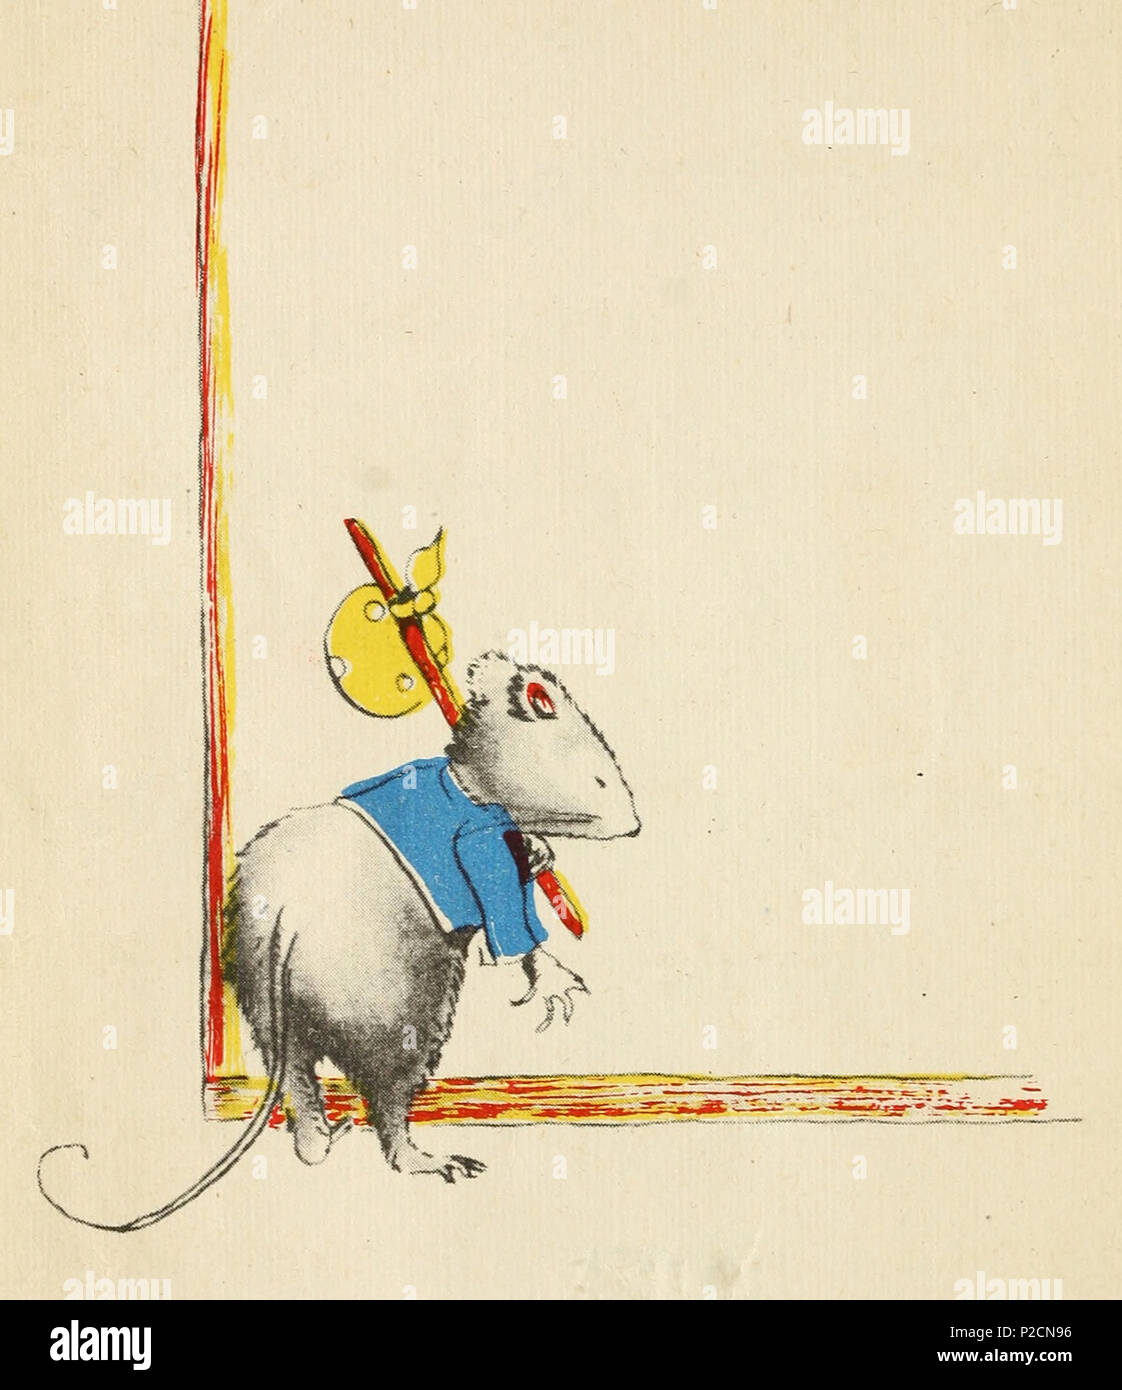 . English: The title character steps into a cellar that he believes will be his home, in The Story of a Little Gray Mouse by author and illustrator Dorothy Sherrill. (Number in parentheses refers to the DjVu location.) . 4 March 2013, 00:41:09.   Dorothy Sherrill  (1901–1990)     Description American author and illustrator  Date of birth/death 5 May 1901 28 February 1990  Location of birth/death Boston, Massachusetts Holland, Pennsylvania  Work period 1930s–1960s  Work location New York City  Authority control  : Q18511658 VIAF:?43893146 ISNI:?0000 0000 4112 7308 LCCN:?no96035015 NDL:?00925023 Stock Photo
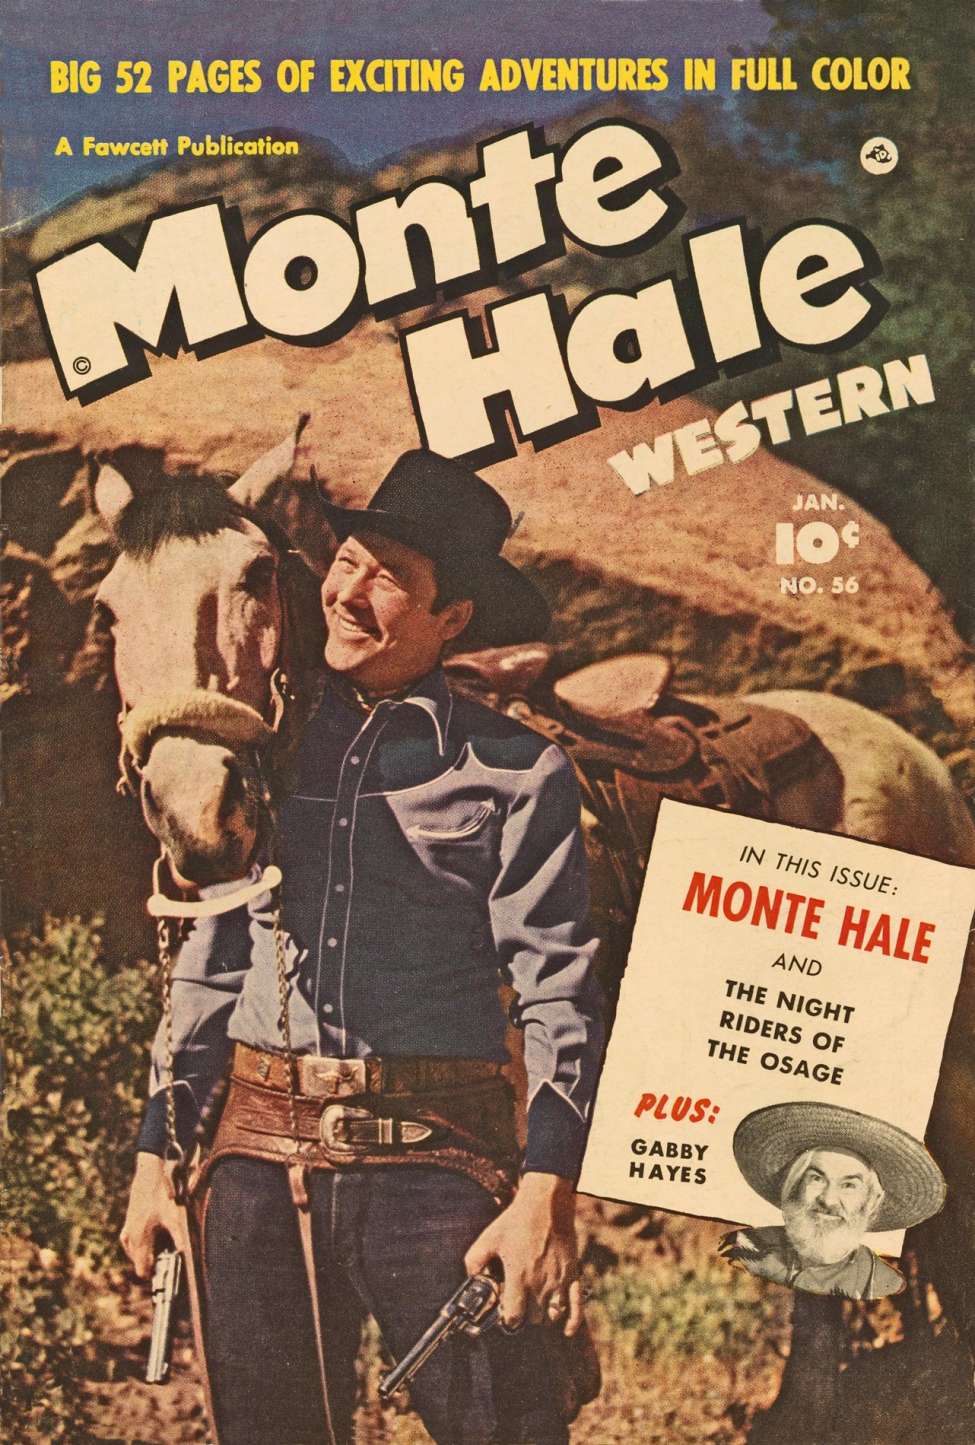 Comic Book Cover For Monte Hale Western 56 - Version 2
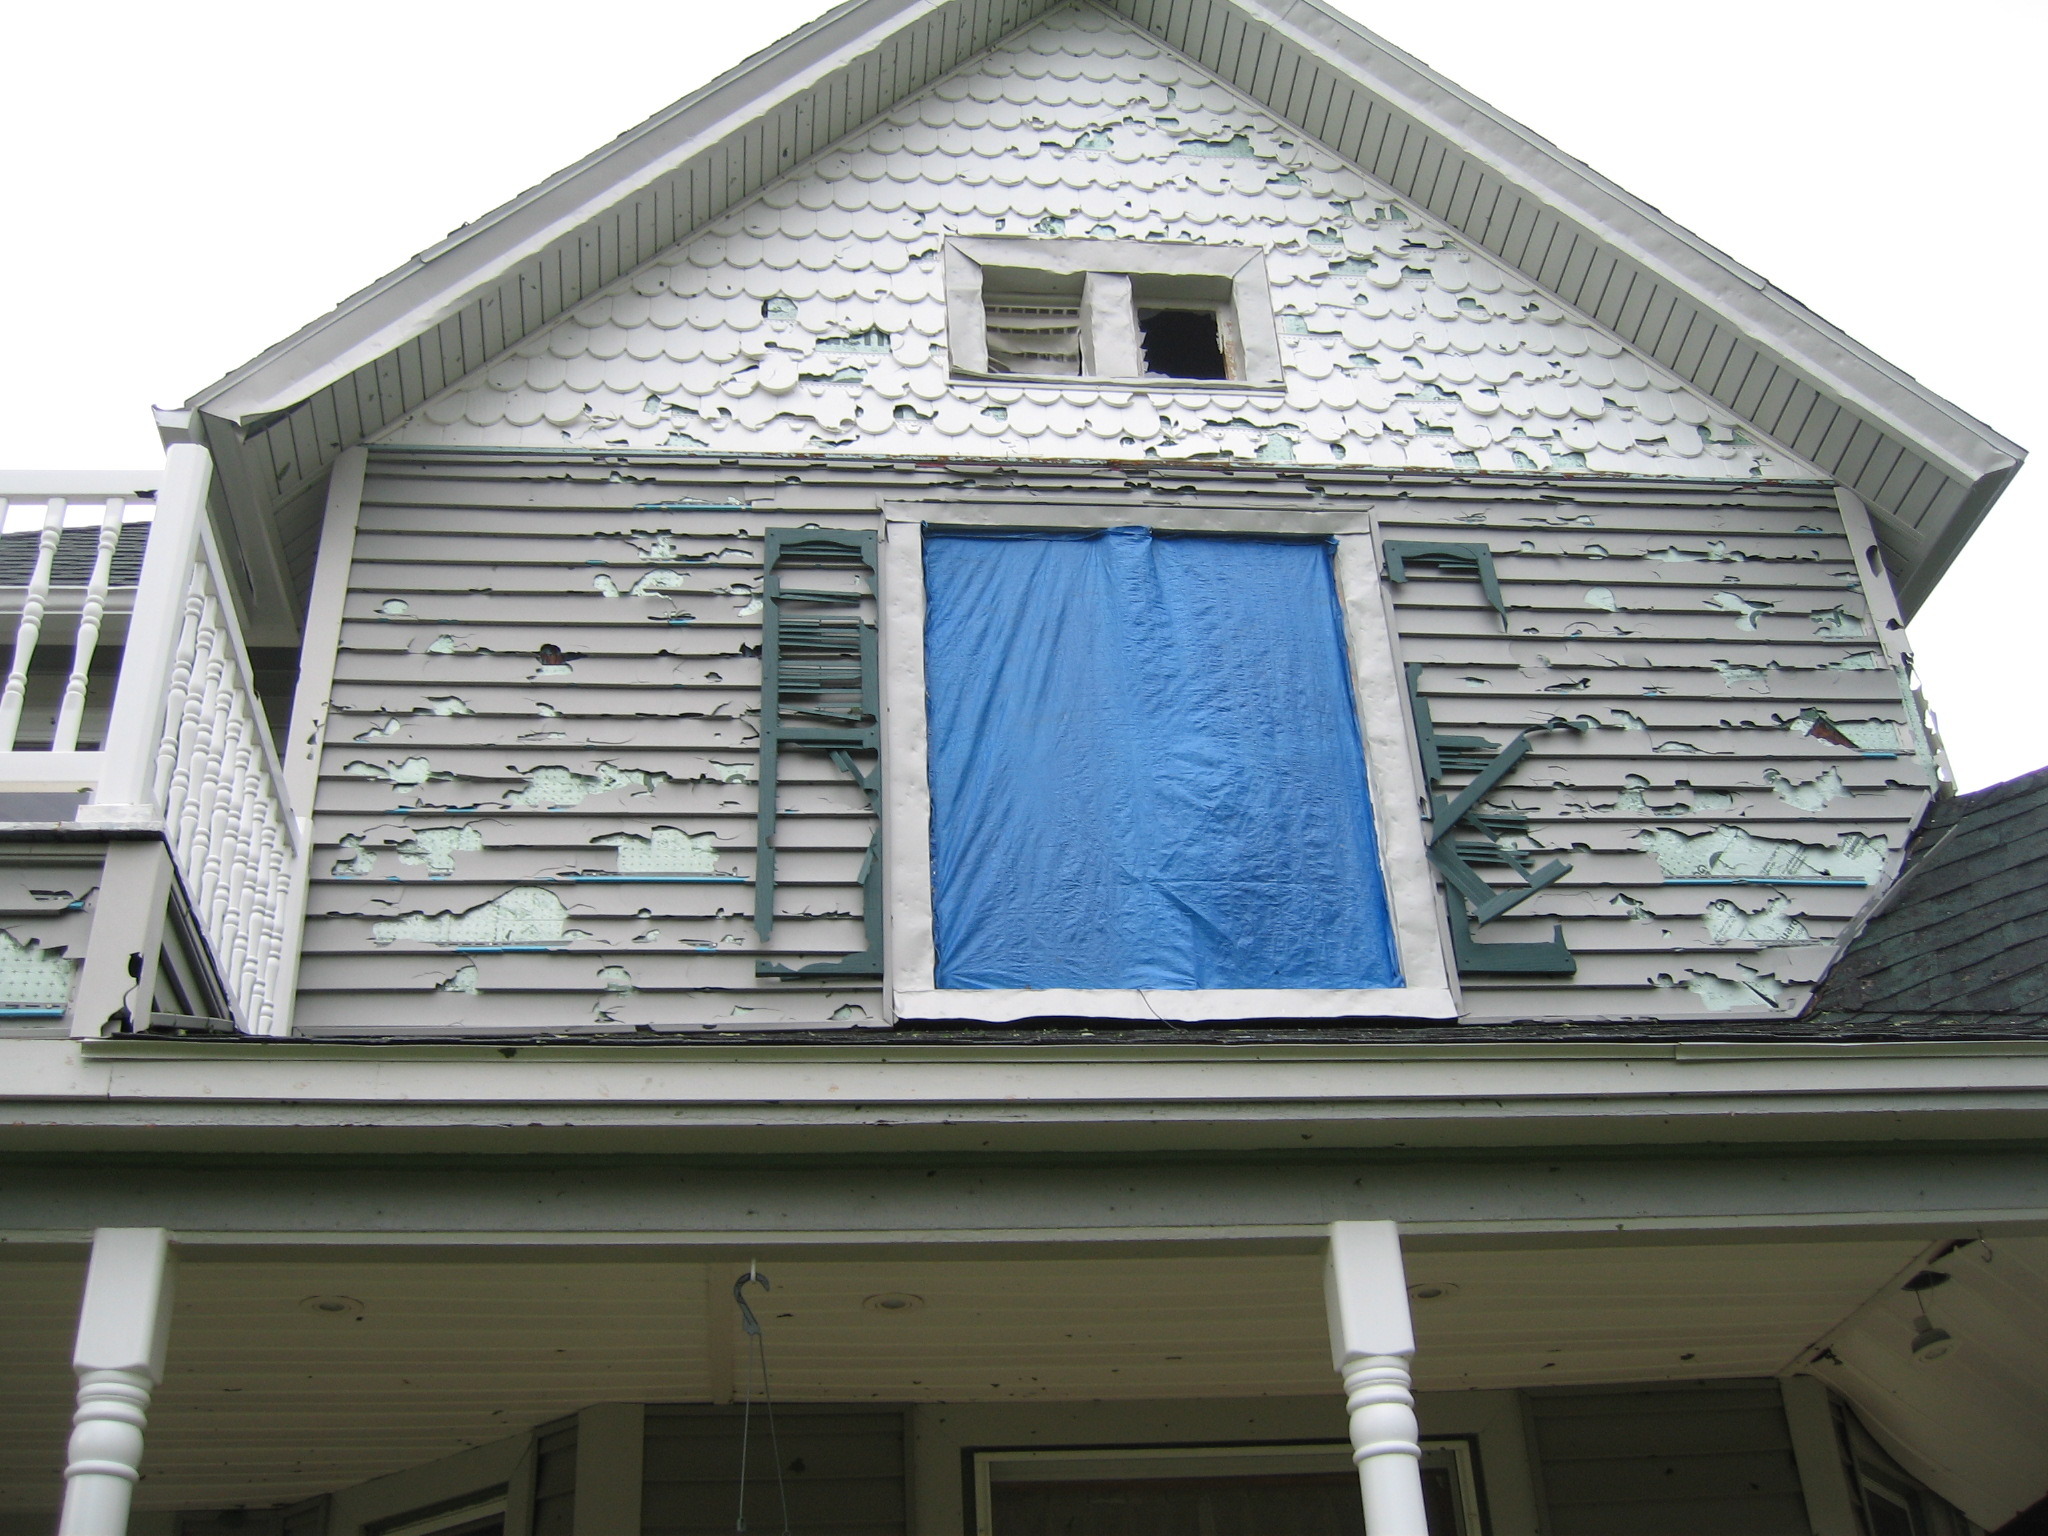 Siding damage from wind-driven hail in Eldora
★ ★ ★ ★
#### Exercise aim:
Quote the material in full and exactly; do not carry over its pictures.

#### Response to the exercise:
 . English: The title character steps into a cellar that he believes will be his home, in The Story of a Little Gray Mouse by author and illustrator Dorothy Sherrill. (Number in parentheses refers to the DjVu location.) . 4 March 2013, 00:41:09.   Dorothy Sherrill  (1901–1990)     Description American author and illustrator  Date of birth/death 5 May 1901 28 February 1990  Location of birth/death Boston, Massachusetts Holland, Pennsylvania  Work period 1930s–1960s  Work location New York City  Authority control  : Q18511658 VIAF:?43893146 ISNI:?0000 0000 4112 7308 LCCN:?no96035015 NDL:?00925023 Stock Photo
 Comic Book Cover For Monte Hale Western 56 - Version 2
 Siding damage from wind-driven hail in Eldora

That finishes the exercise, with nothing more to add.